COLLECTED MATERIAL ▸
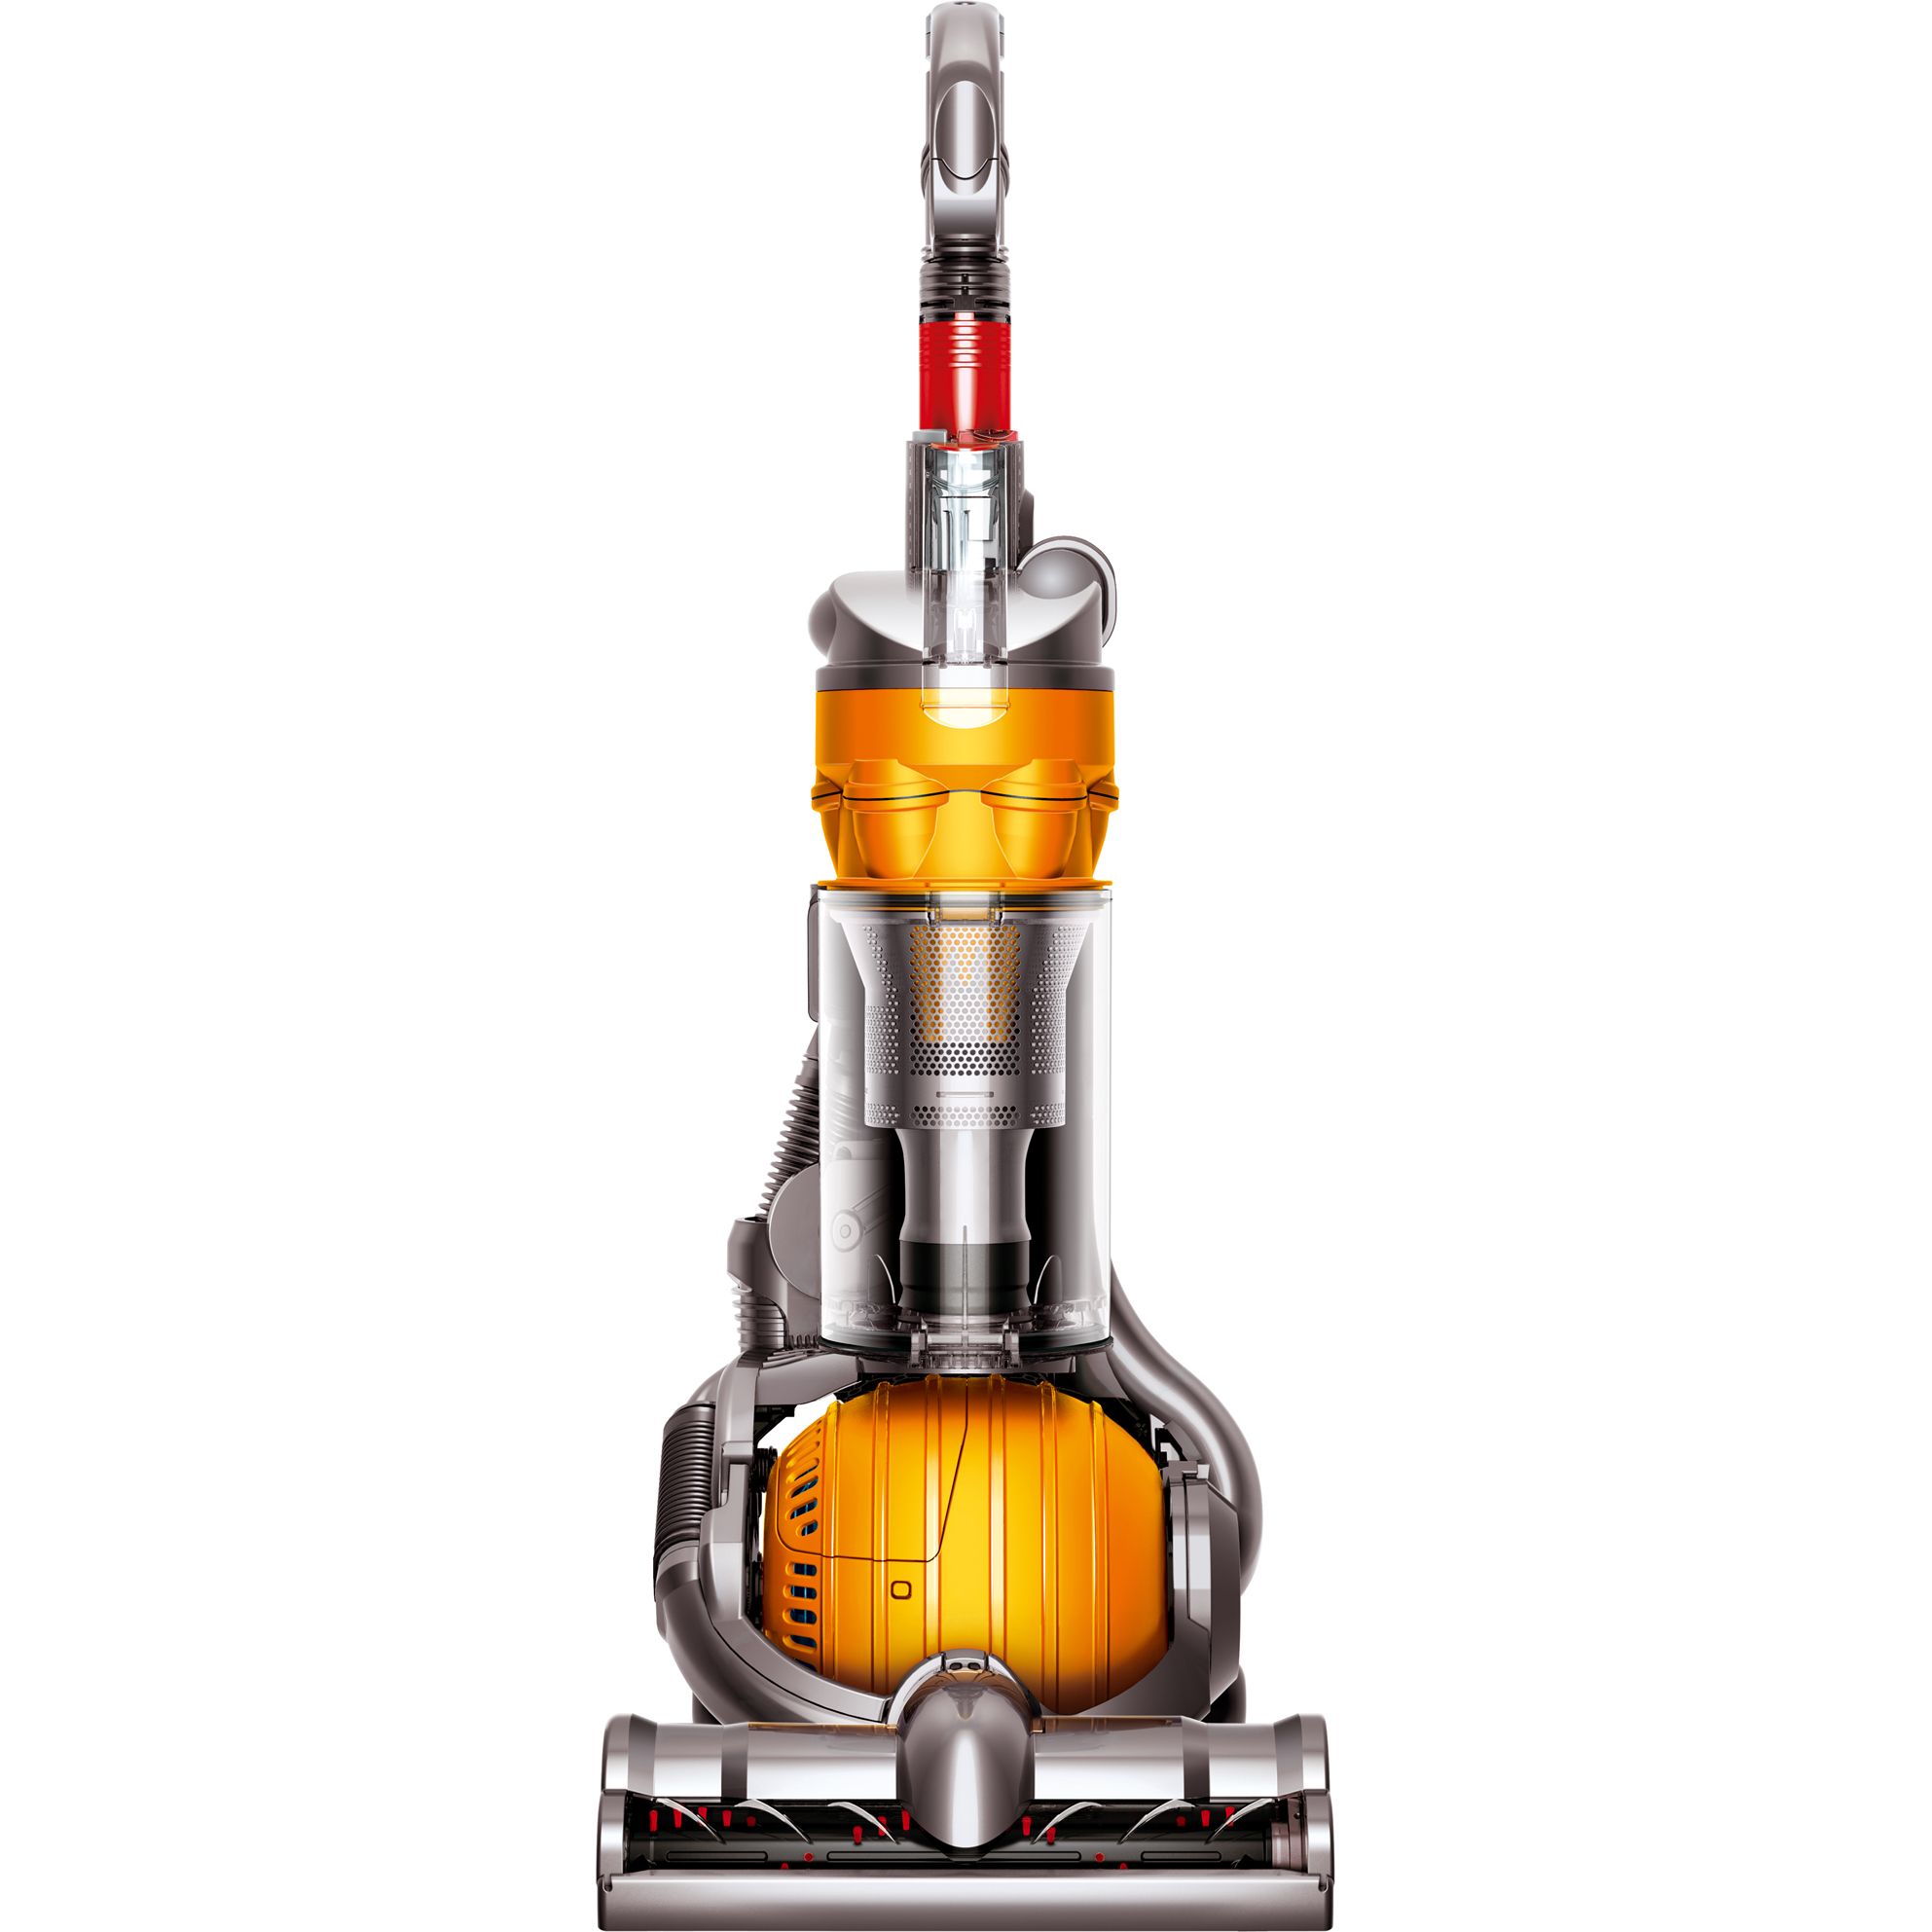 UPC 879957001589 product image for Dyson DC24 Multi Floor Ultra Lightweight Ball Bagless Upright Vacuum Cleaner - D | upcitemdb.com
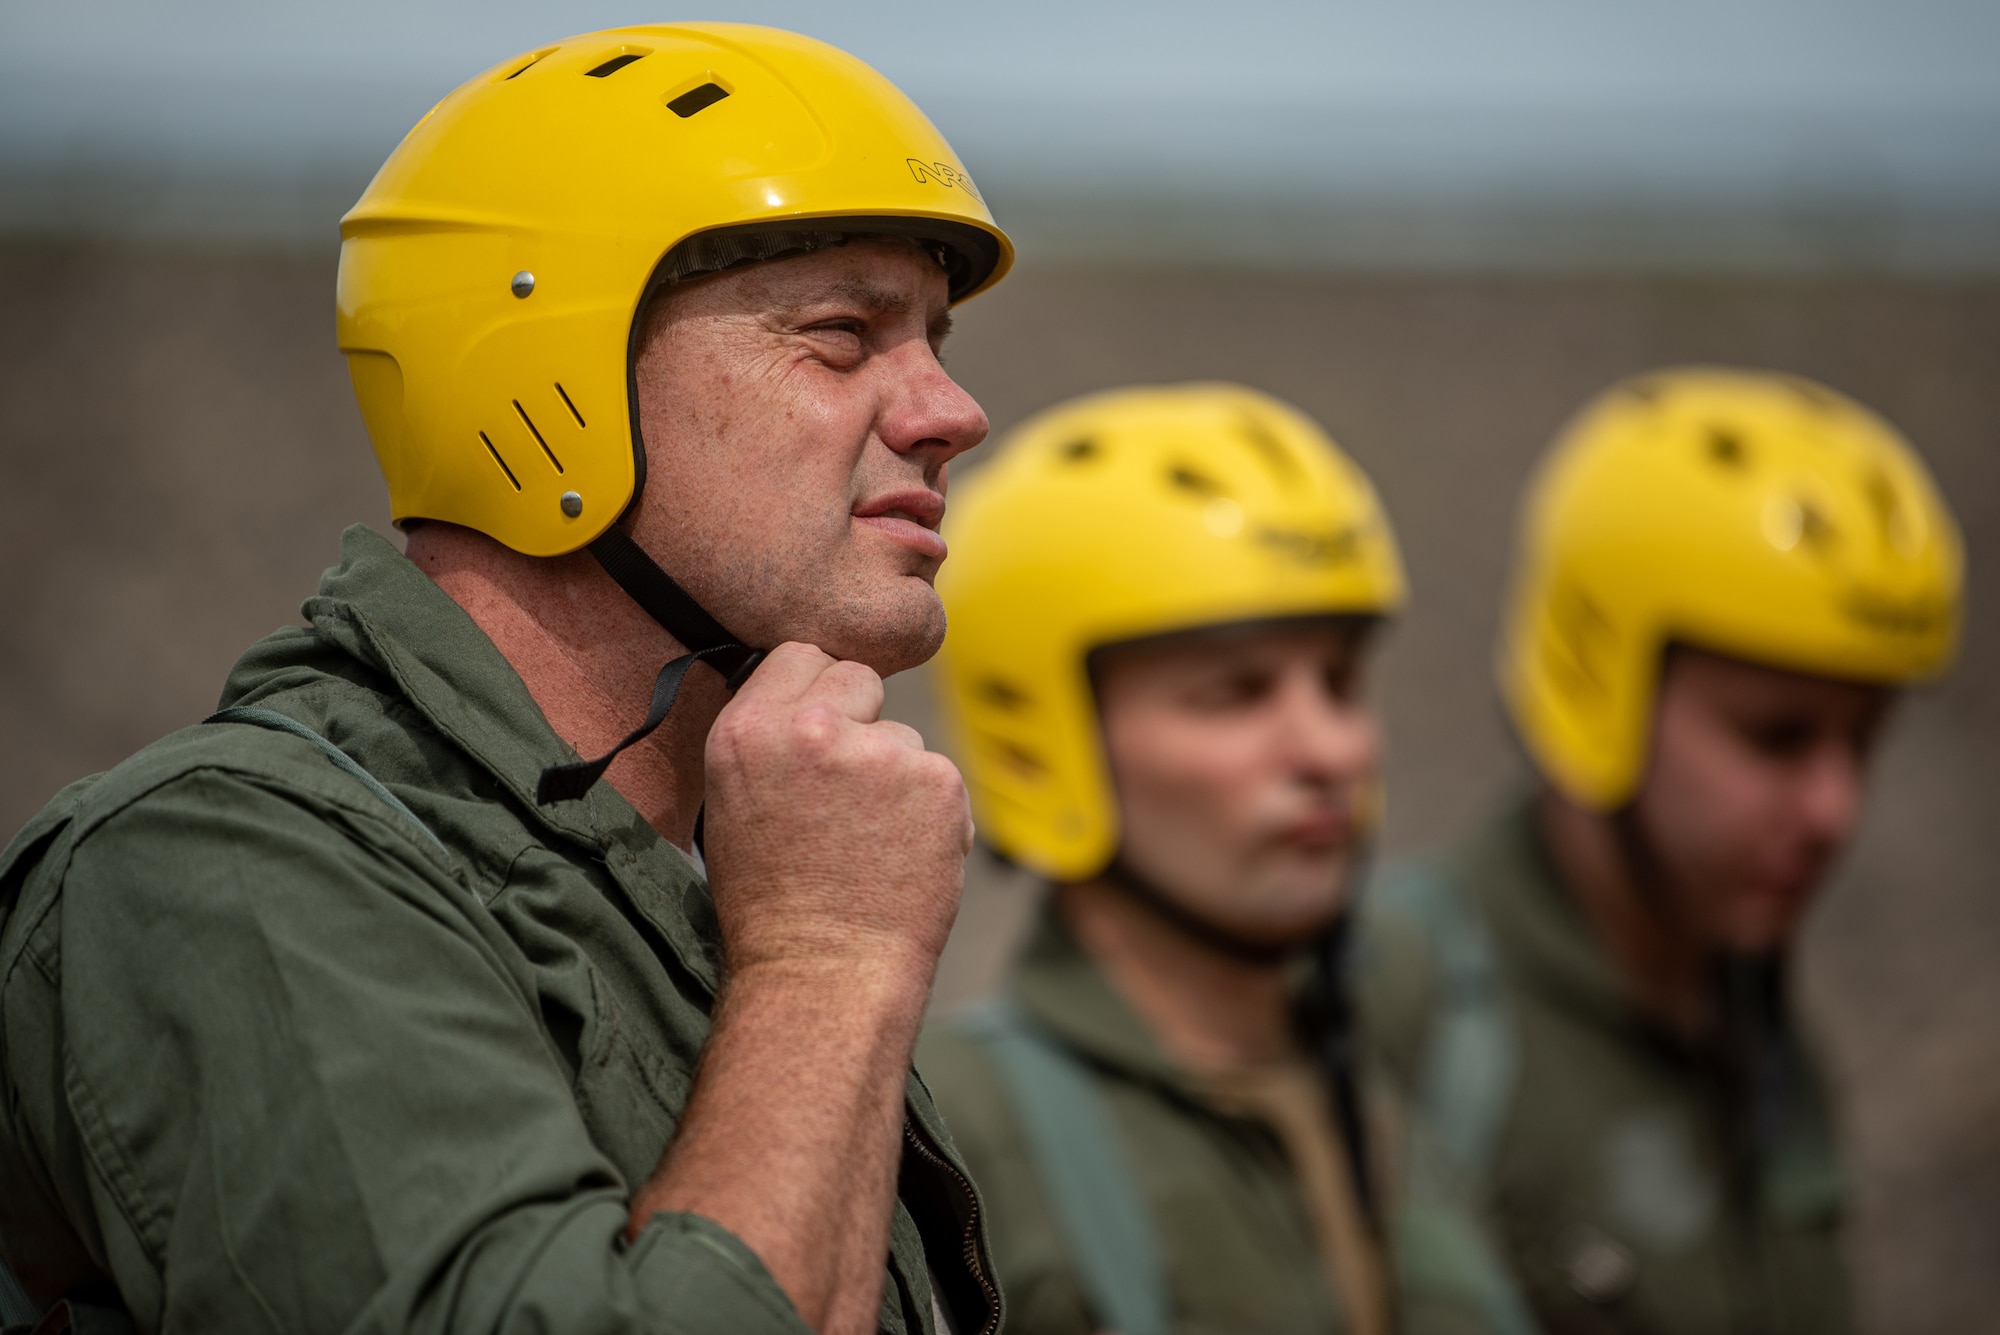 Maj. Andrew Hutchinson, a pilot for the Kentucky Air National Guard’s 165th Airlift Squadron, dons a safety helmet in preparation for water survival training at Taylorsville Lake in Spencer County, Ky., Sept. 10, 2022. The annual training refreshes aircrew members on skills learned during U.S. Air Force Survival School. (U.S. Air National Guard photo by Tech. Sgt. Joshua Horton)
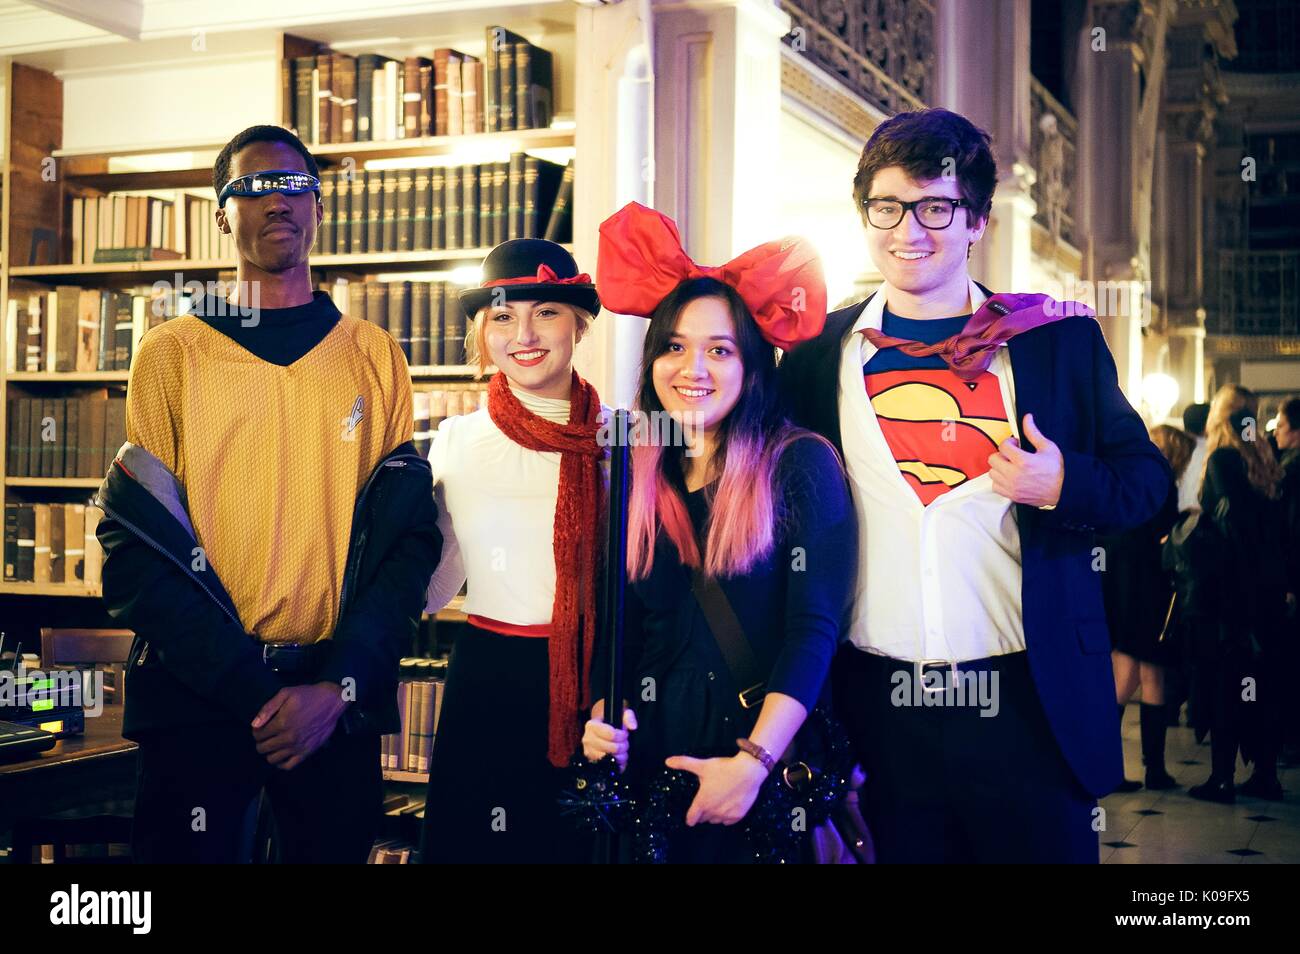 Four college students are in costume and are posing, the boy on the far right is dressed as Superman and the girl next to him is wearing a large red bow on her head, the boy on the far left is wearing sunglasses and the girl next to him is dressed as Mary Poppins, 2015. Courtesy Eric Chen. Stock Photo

EXERCISE AIM ▸
What is needed is an exact retyping of the lines from the start of the data through the line with "Maj. Andrew Hutchinson, a", with both end lines kept and every picture left out.

RESULT ▸
 UPC 879957001589 product image for Dyson DC24 Multi Floor Ultra Lightweight Ball Bagless Upright Vacuum Cleaner - D | upcitemdb.com
 Maj. Andrew Hutchinson, a pilot for the Kentucky Air National Guard’s 165th Airlift Squadron, dons a safety helmet in preparation for water survival training at Taylorsville Lake in Spencer County, Ky., Sept. 10, 2022. The annual training refreshes aircrew members on skills learned during U.S. Air Force Survival School. (U.S. Air National Guard photo by Tech. Sgt. Joshua Horton)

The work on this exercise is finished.